Technically, companies that sell their stock to the public are supposed to periodically publish their financial results. Technically. So…what happens if they don’t? In ArthroCare’s case, NASDAQ delisted the stock. ArthroCare’s shareholders could still sell (or buy) the shares on a tertiary market known as the “Pink Sheets.” 
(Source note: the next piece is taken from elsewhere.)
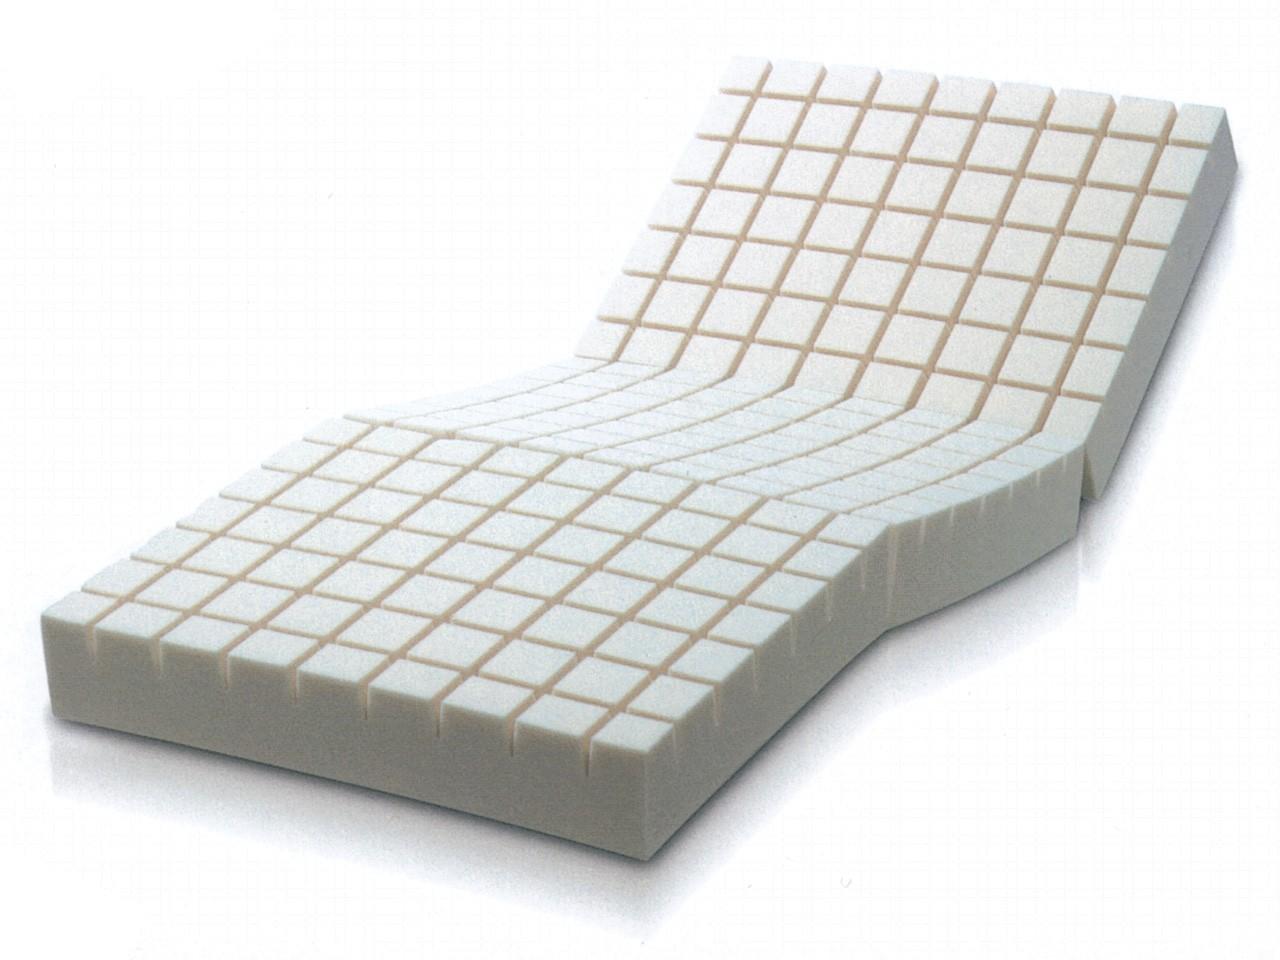 Vendita di materassi antidecubito online
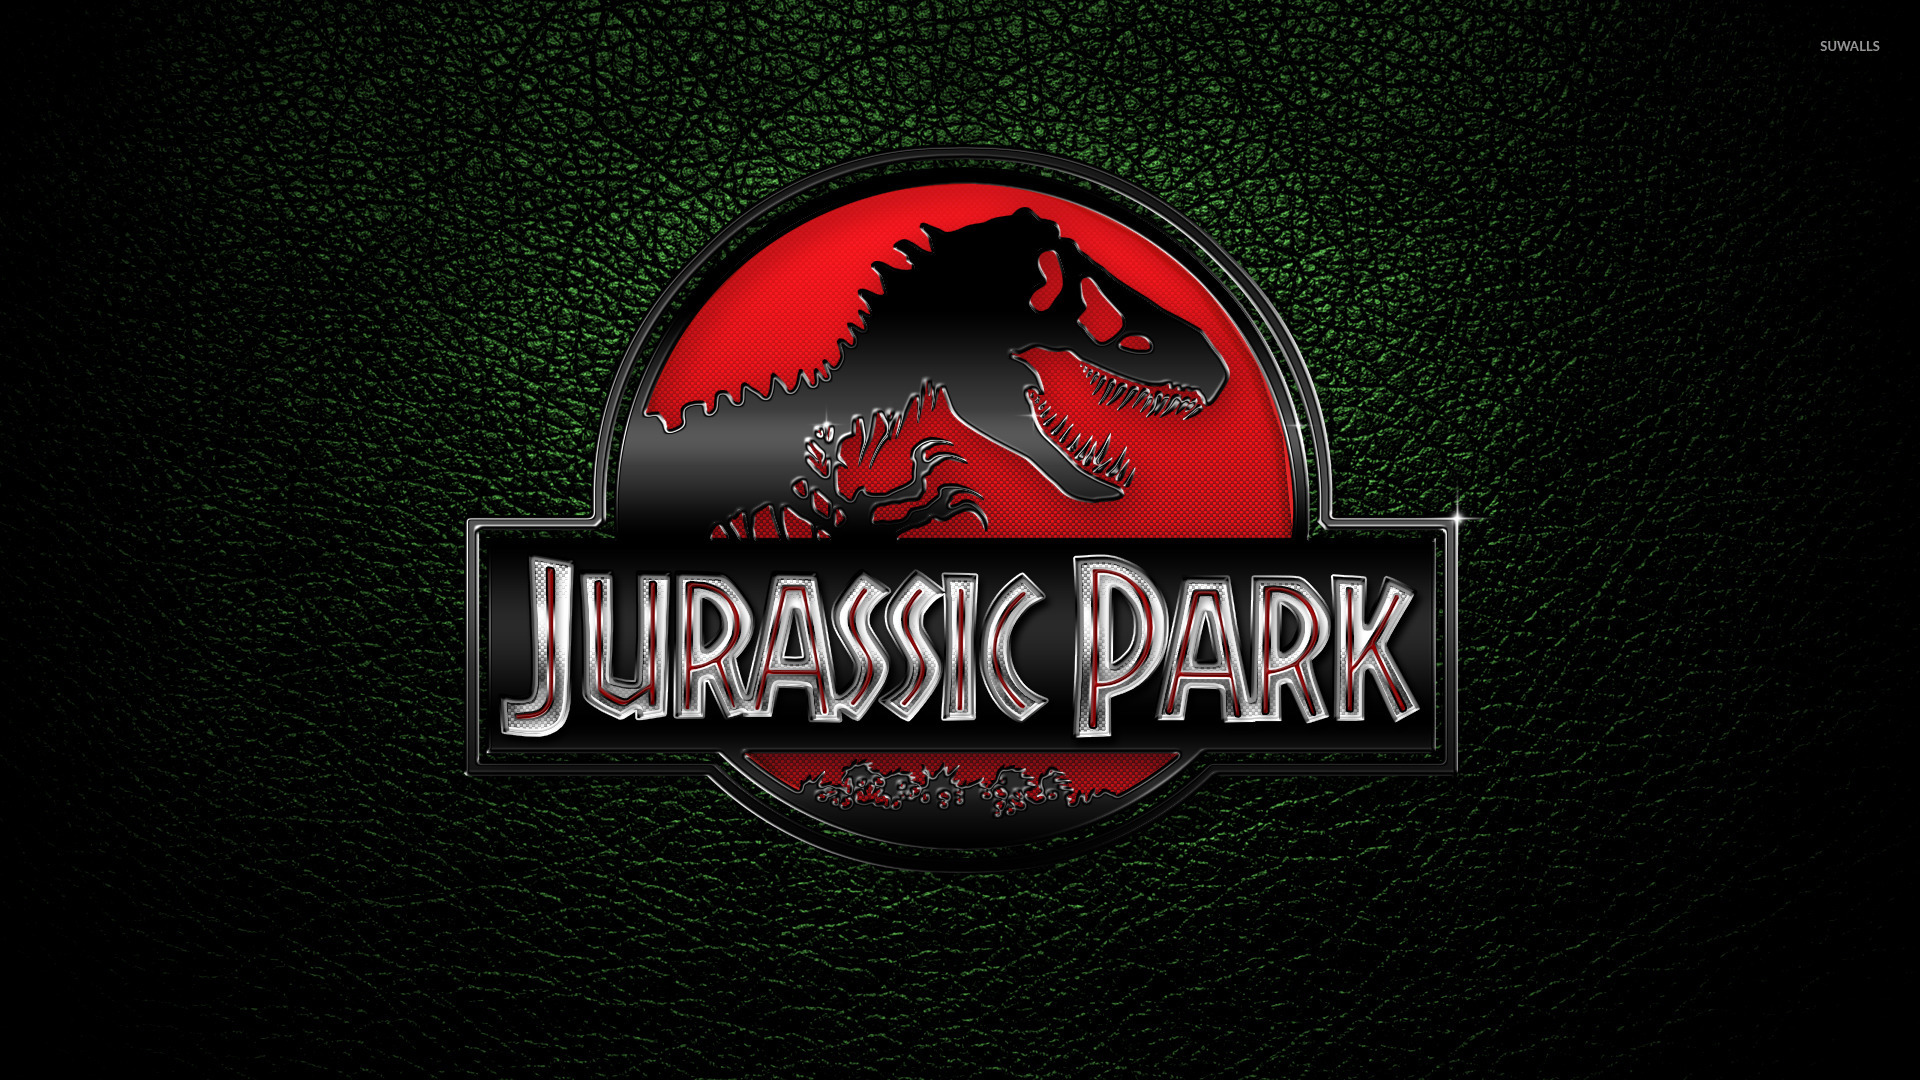 Jurassic Park [2] wallpaper

The “Pink Sheets” are like certain sections of University Avenue in St. Paul or South Street in Philadelphia. Rents are cheap. Turnover is high. The clientele keep things interesting. Pink Sheets are also like the $2 window at Pocono Downs but without the benefit of a handicapper’s tip sheet. Investors won’t find too many $300 million firms among the penny stocks on “Pink Sheet” Avenue. 

Stock Performance

Poor ArthroCare. So, how did the company’s stock perform without reported sales or earnings or a mainstream trading venue like NASDAQ? Improbably, the share prices rose 354% or $420 million in total market value.

As the following table illustrates, trading on the Pink Sheets with no reported sales and earnings was, in fact, pretty good for ArthroCare’s shareholders.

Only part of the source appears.